_PROVIDED DATA_.

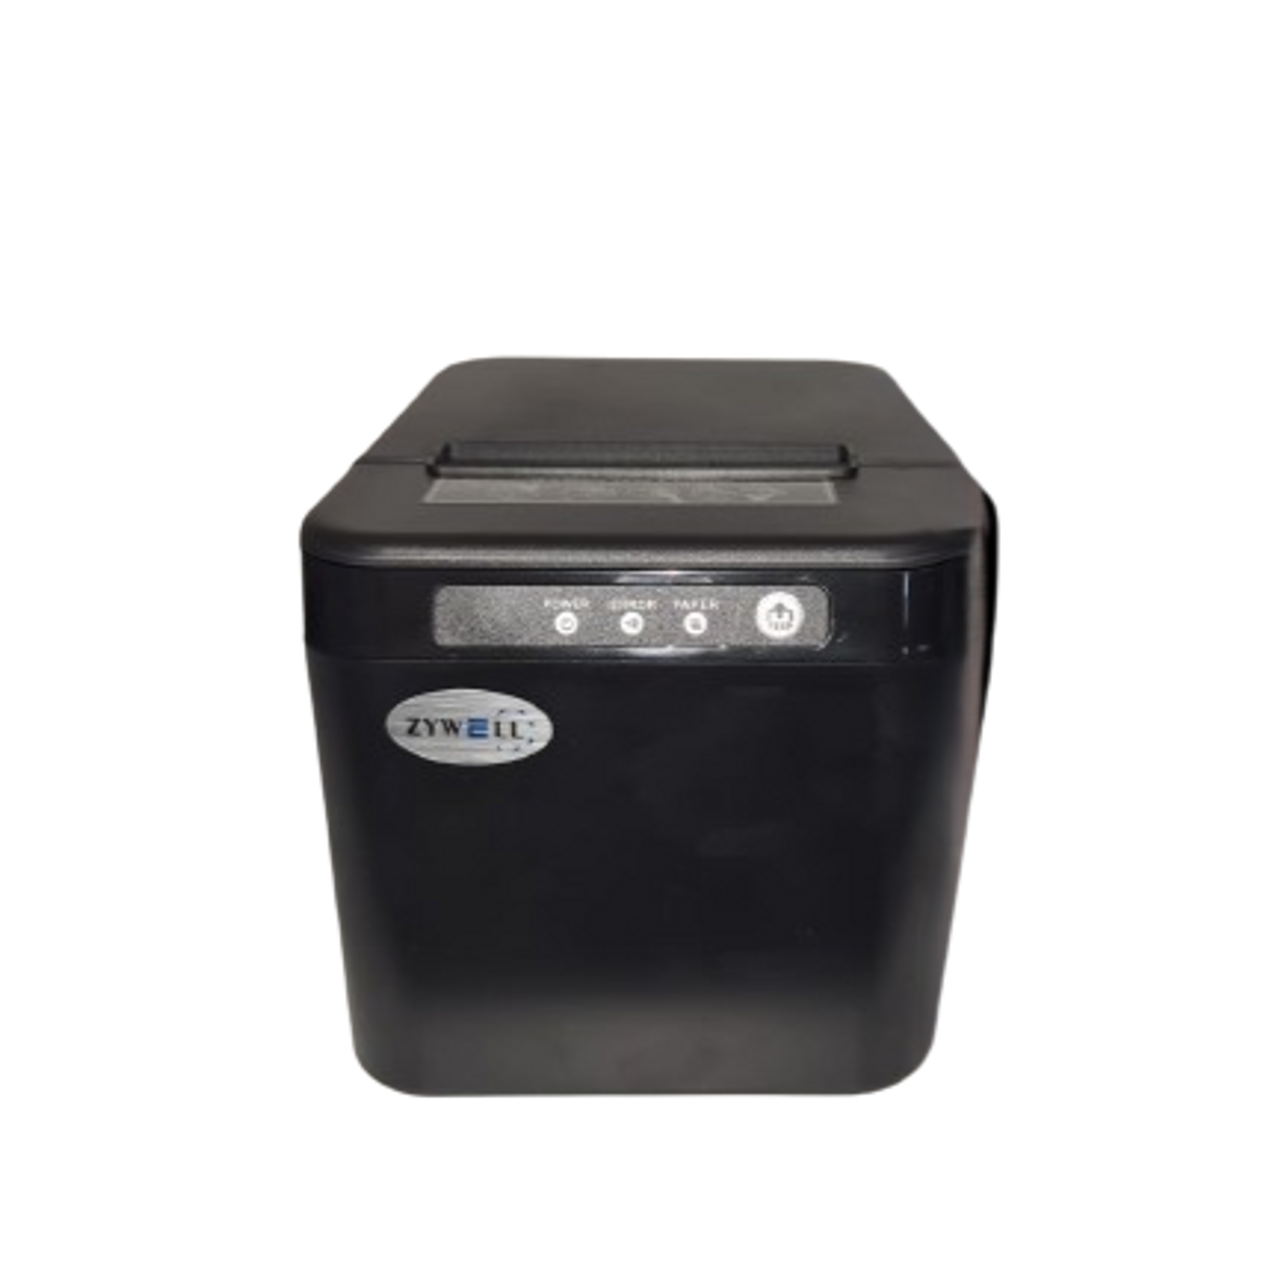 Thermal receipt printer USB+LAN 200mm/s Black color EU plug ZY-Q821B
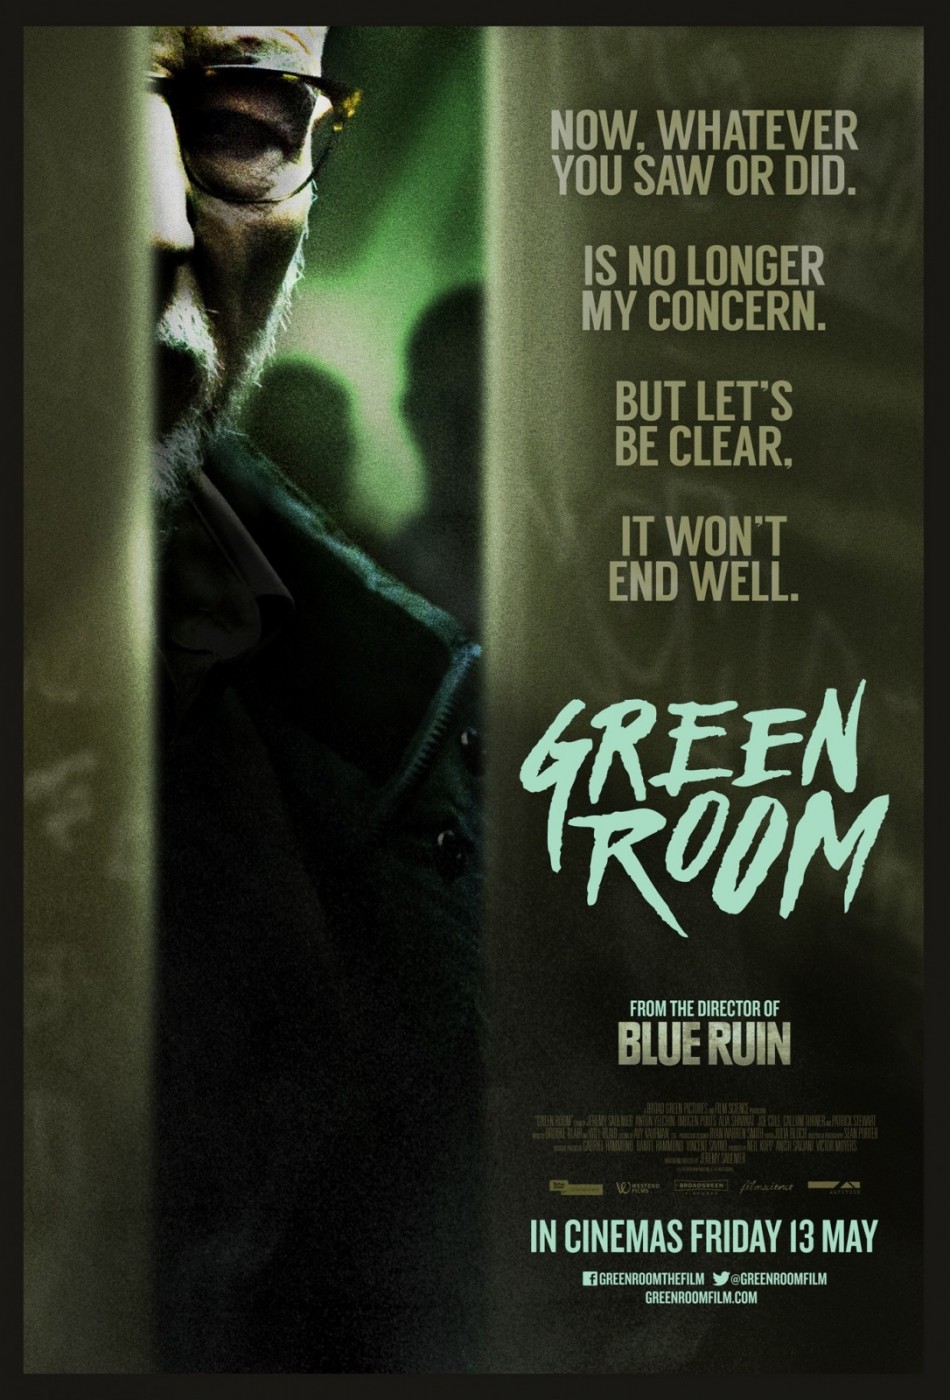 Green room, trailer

==

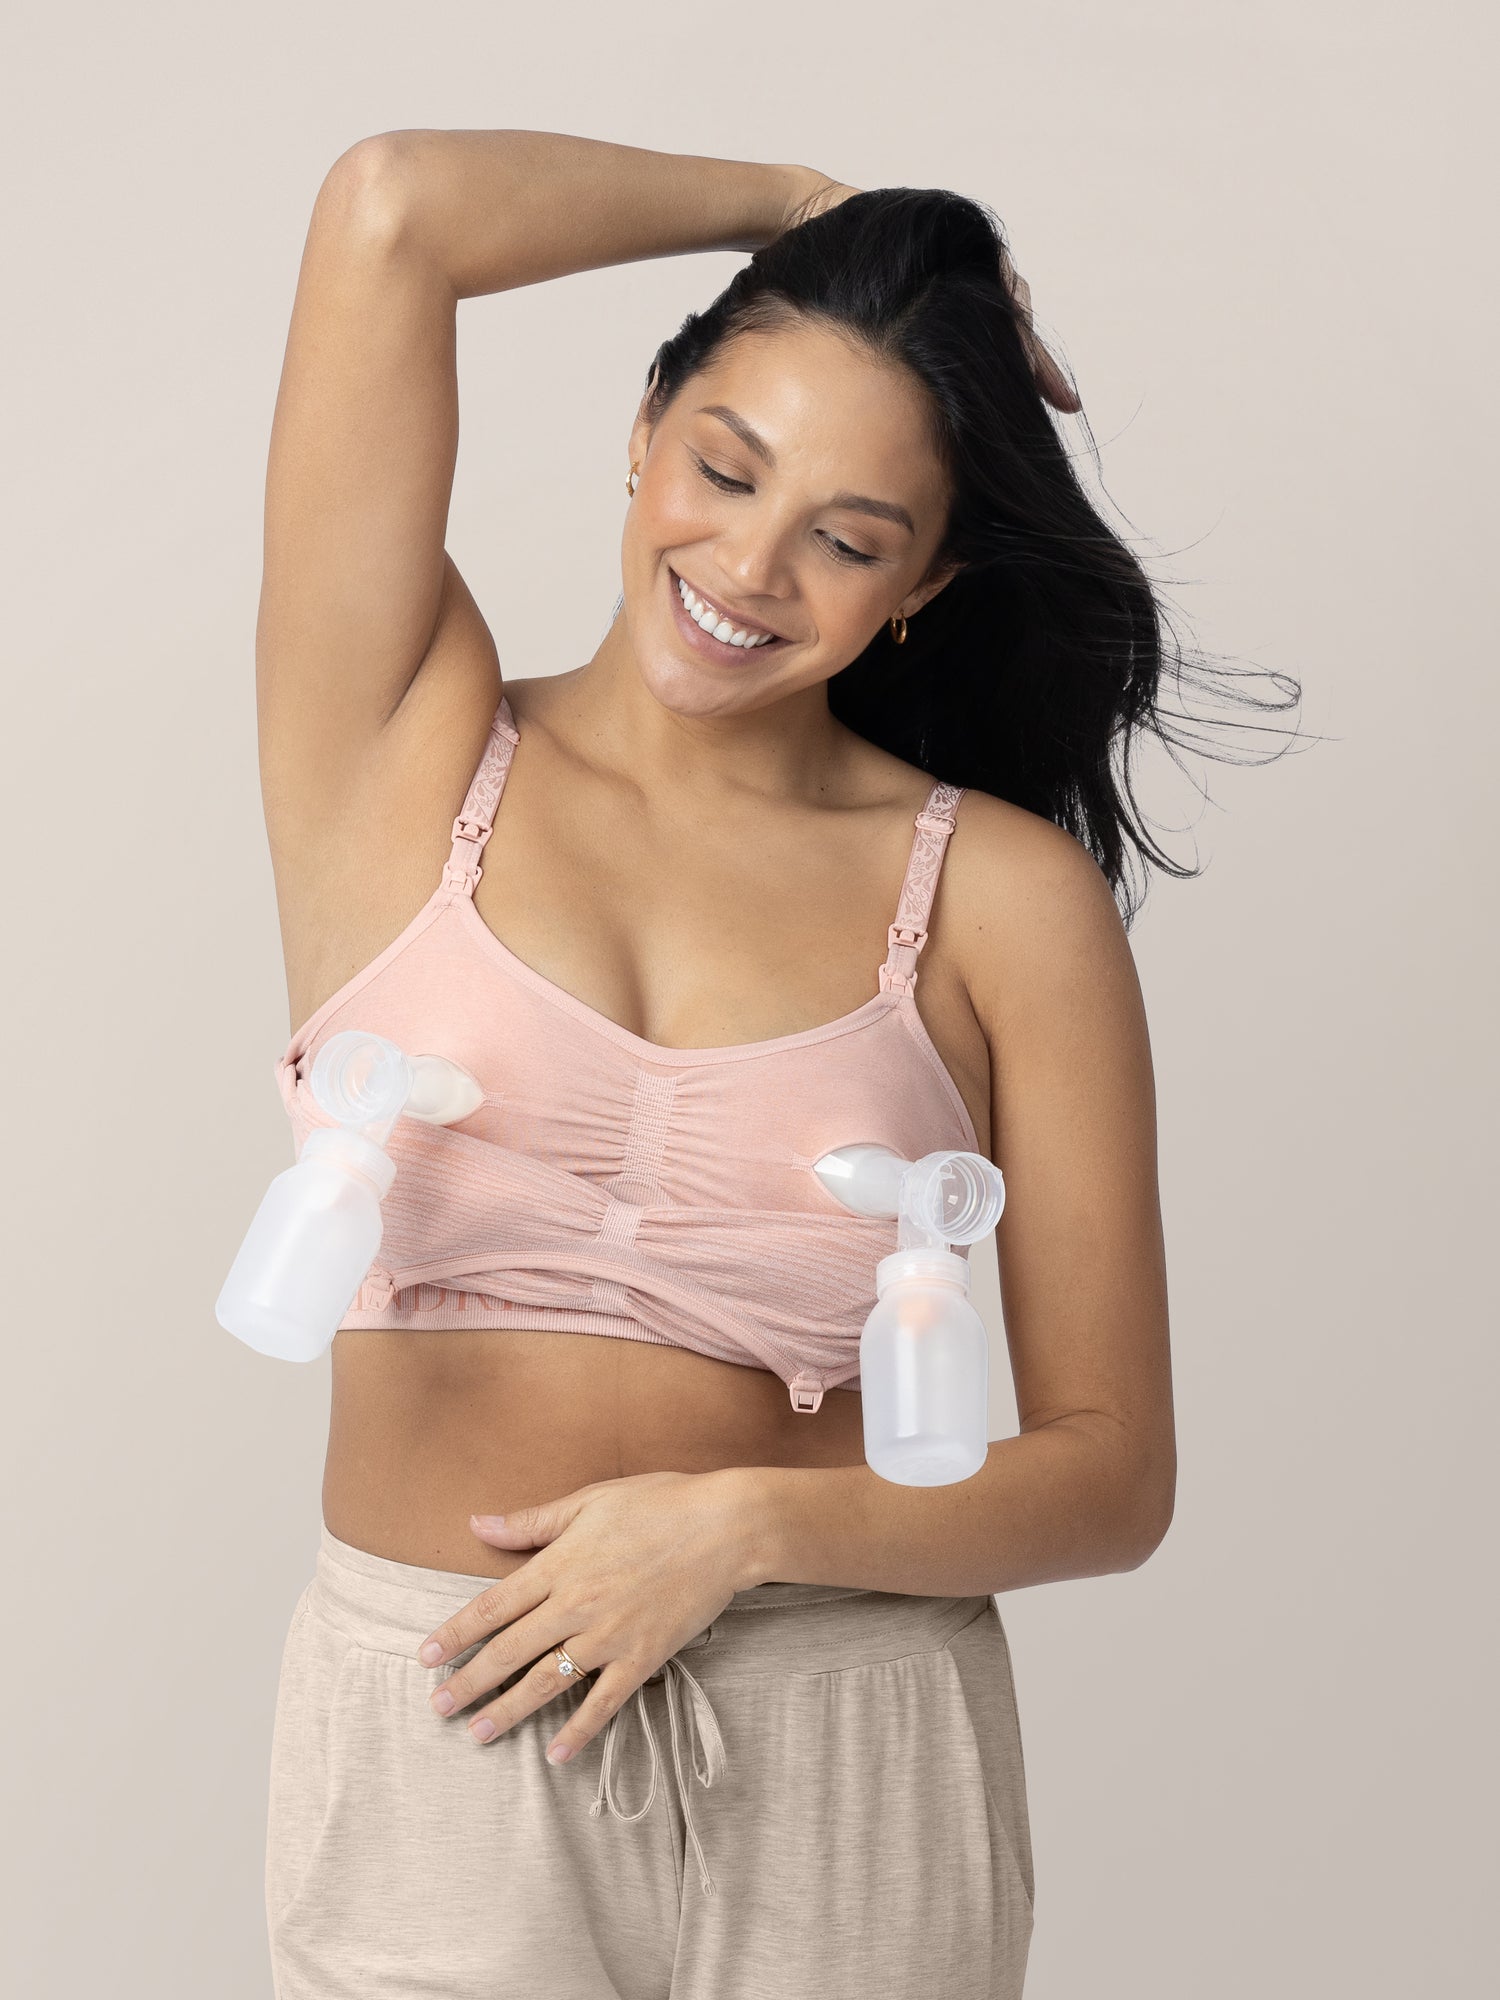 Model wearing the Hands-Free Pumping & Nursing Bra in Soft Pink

--

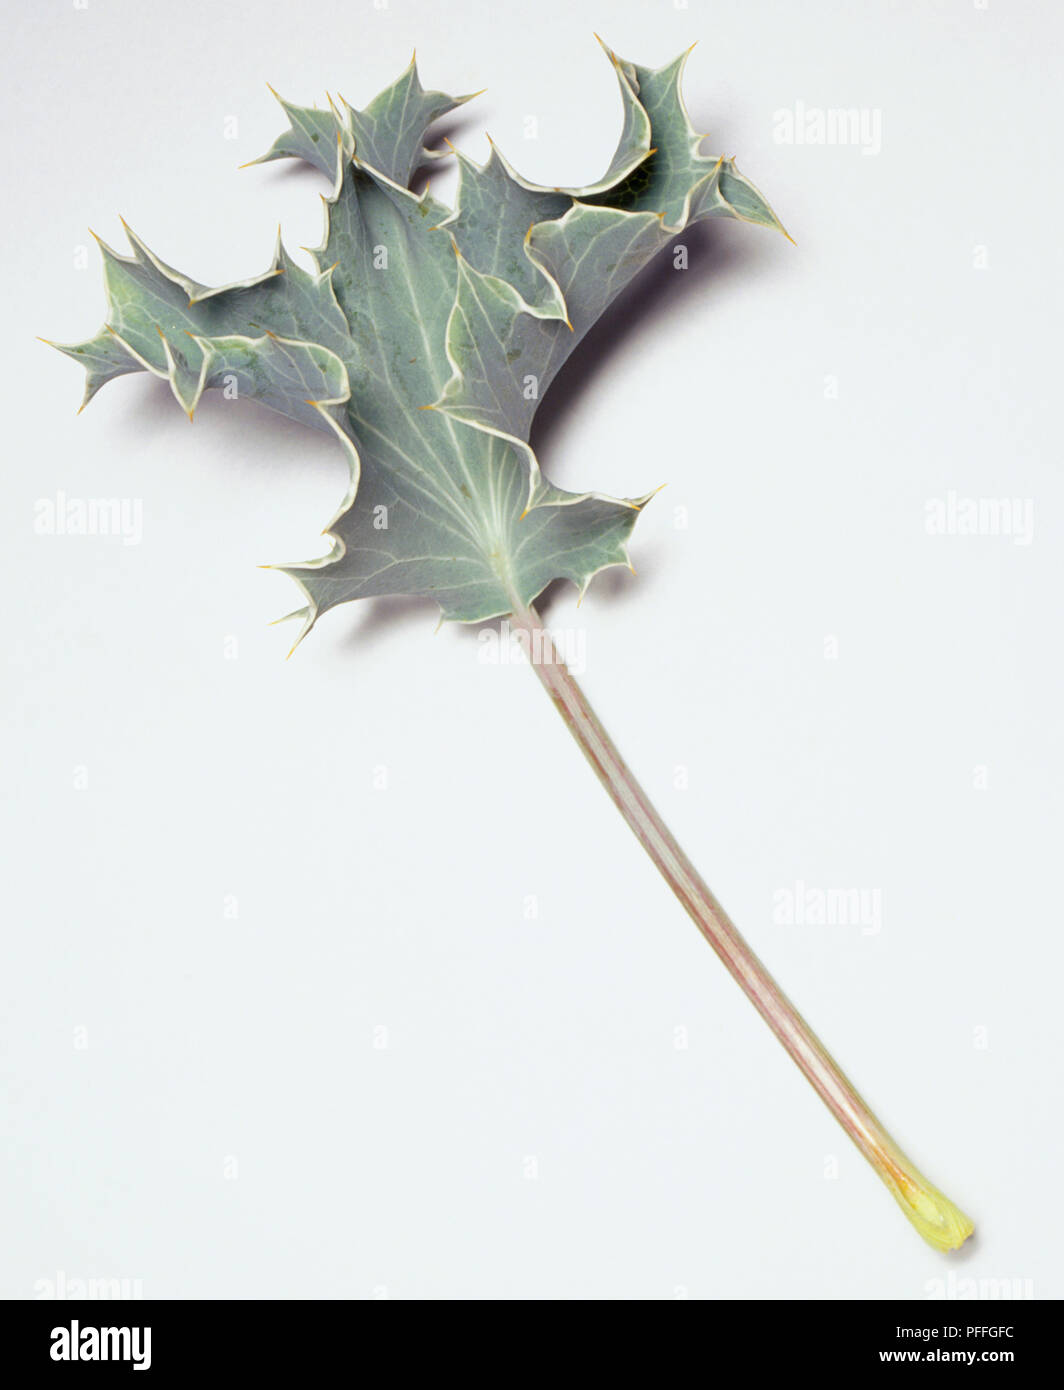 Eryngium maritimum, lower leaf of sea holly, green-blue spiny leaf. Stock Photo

_DIRECTIONS FOR THIS TASK_. Extract from the material above the stretch running from the line containing "Thermal receipt printer" through the line containing "Green room, trailer". Keep the text exact and the pictures out.

_ANSWER TO THIS PROBLEM_.
 Thermal receipt printer USB+LAN 200mm/s Black color EU plug ZY-Q821B
 Green room, trailer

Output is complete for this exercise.